Но та партия, которую Кнехт представил на суд, по структуре своей была формальной, не психологической. Возможно, он тем самым хотел доказать руководству, да и самому себе, что, находясь в Мариафельсе и занятый своей дипломатической миссией, он нисколько не утратил остроты, гибкости, элегантности, виртуозности игровых навыков, и, надо признать, он доказал это: Последнюю отделку и чистовую запись своего проекта Игры, которую можно было выполнить только в самом Вальдцеле, в Архиве, он поручил своему другу Тегуляриусу, кстати говоря, тоже участнику состязаний. Иозеф сам передал все материалы другу, тщательно обсудив с ним проект, просмотрел он и проект Тегуляриуса – ему удалось заполучить Фрица на три дня в обитель, на сей раз Магистр Томас исполнил эту просьбу Кнехта, которую тот повторял дважды. Но как ни радовался Тегуляриус встрече, сколько ни надеялся потешить свое любопытство, он, житель островной Касталии, чувствовал себя в монастыре чрезвычайно неуютно; более того, этот нервозный человек чуть не заболел от обилия непривычных впечатлений, попав внезапно в среду людей приветливых, но простых, здоровых и несколько грубоватых, из коих ни для одного мысли, заботы, проблемы, мучившие Тегуляриуса, решительно ничего не значили.
– Ты живешь на чуждой планете, – поделился он с другом, – и я могу только недоуменно восхищаться тобой, выдержавшим здесь целых три года. Твои patres весьма учтивы со мной, но все меня здесь отталкивает, ничто не приемлет, ничто не дается, само собой, ничто не устраивается без мук и сопротивления; прожить здесь две недели было бы для меня адом.

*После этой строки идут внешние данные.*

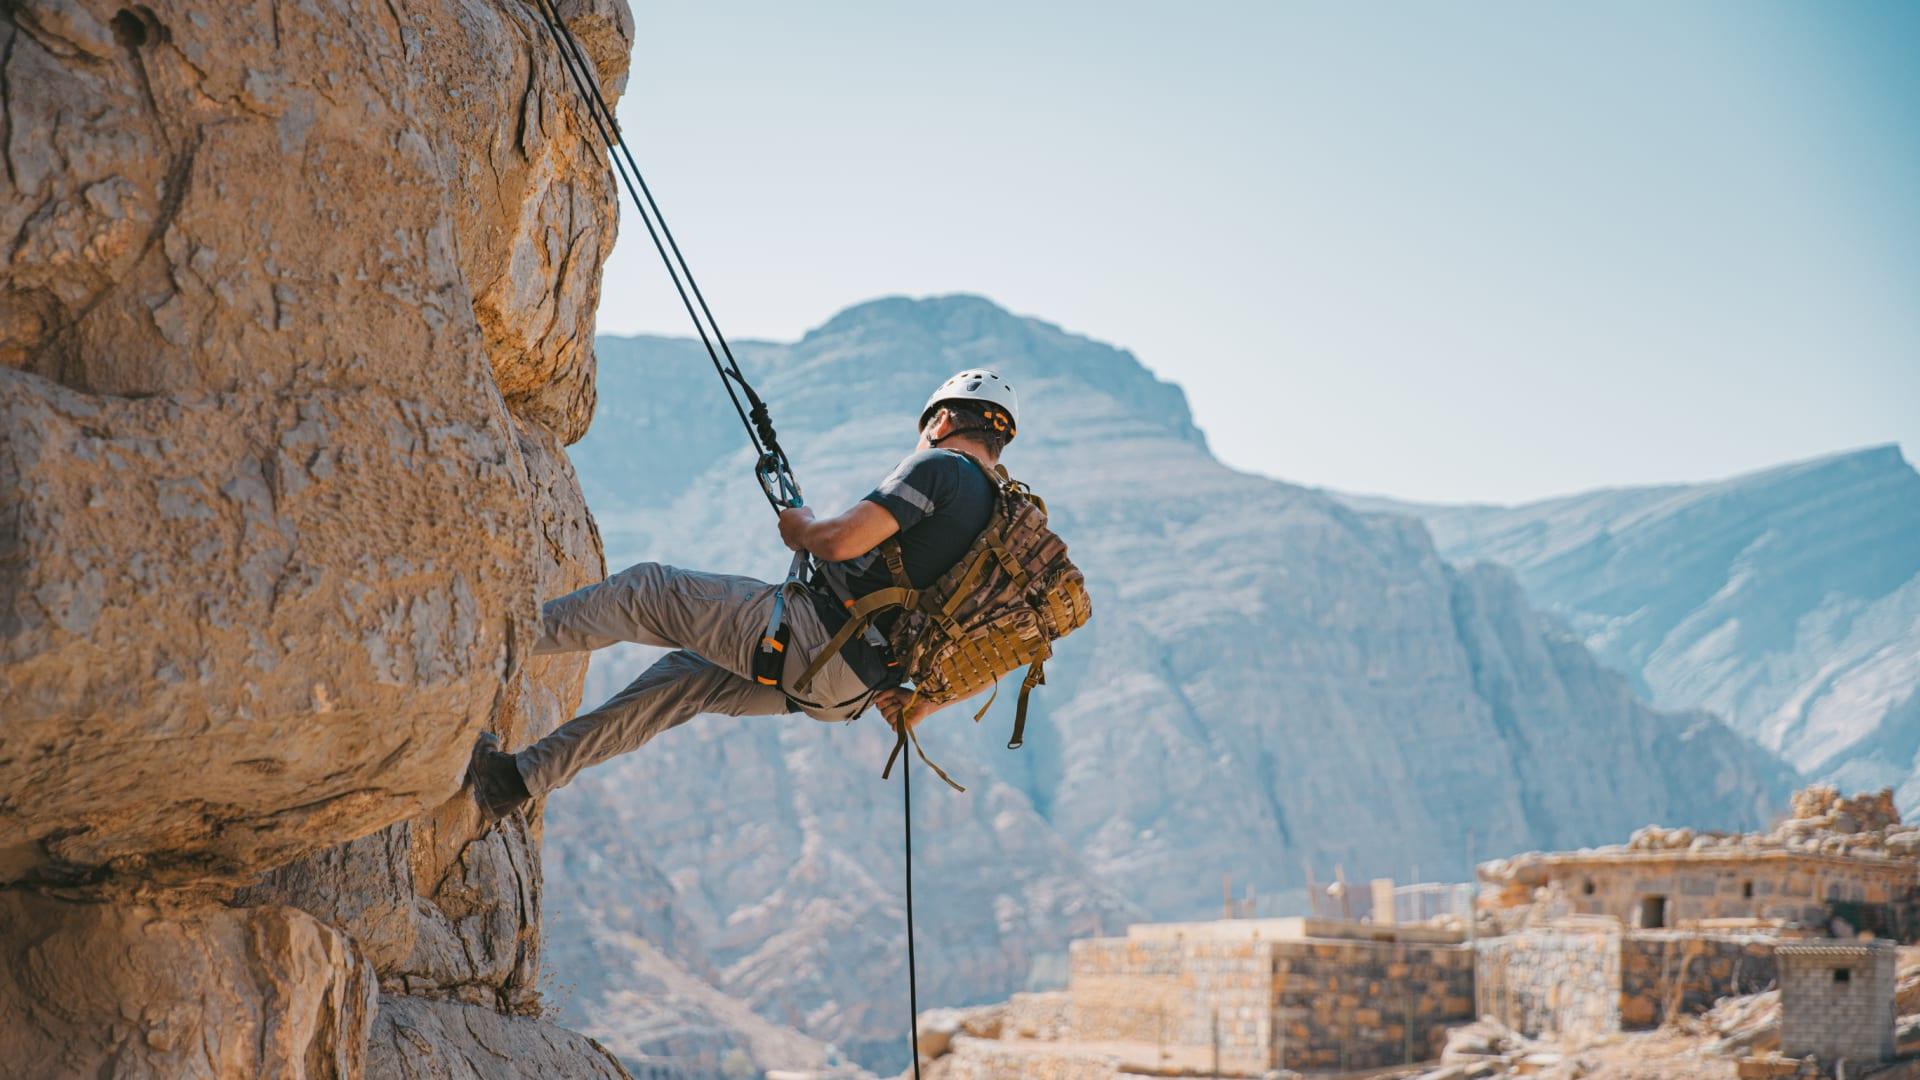 """منها تناول الحشرات.. هذا ما ينتظرك في معسكر """"بير جريلز"""" للمستكشفين بأعلى قمة جبلية في الإمارات"""

Кнехту нелегко было с ним, он впервые с неприязнью, как бы со стороны, наблюдал эту отчужденность двух Орденов, двух миров, и понимал, что его сверхчувствительный друг своей робкой беспомощностью производит здесь дурное впечатление. Но оба свои проекта Игры им удалось подробно обсудить; они сделали друг другу много критических замечаний, и, отправляясь после такой совместной работы в другой флигель, к отцу Иакову, или в трапезную, Кнехт испытывал ощущение, будто он из родной страны внезапно переносился в иные края, где земля и воздух, климат и звезды – все было другим.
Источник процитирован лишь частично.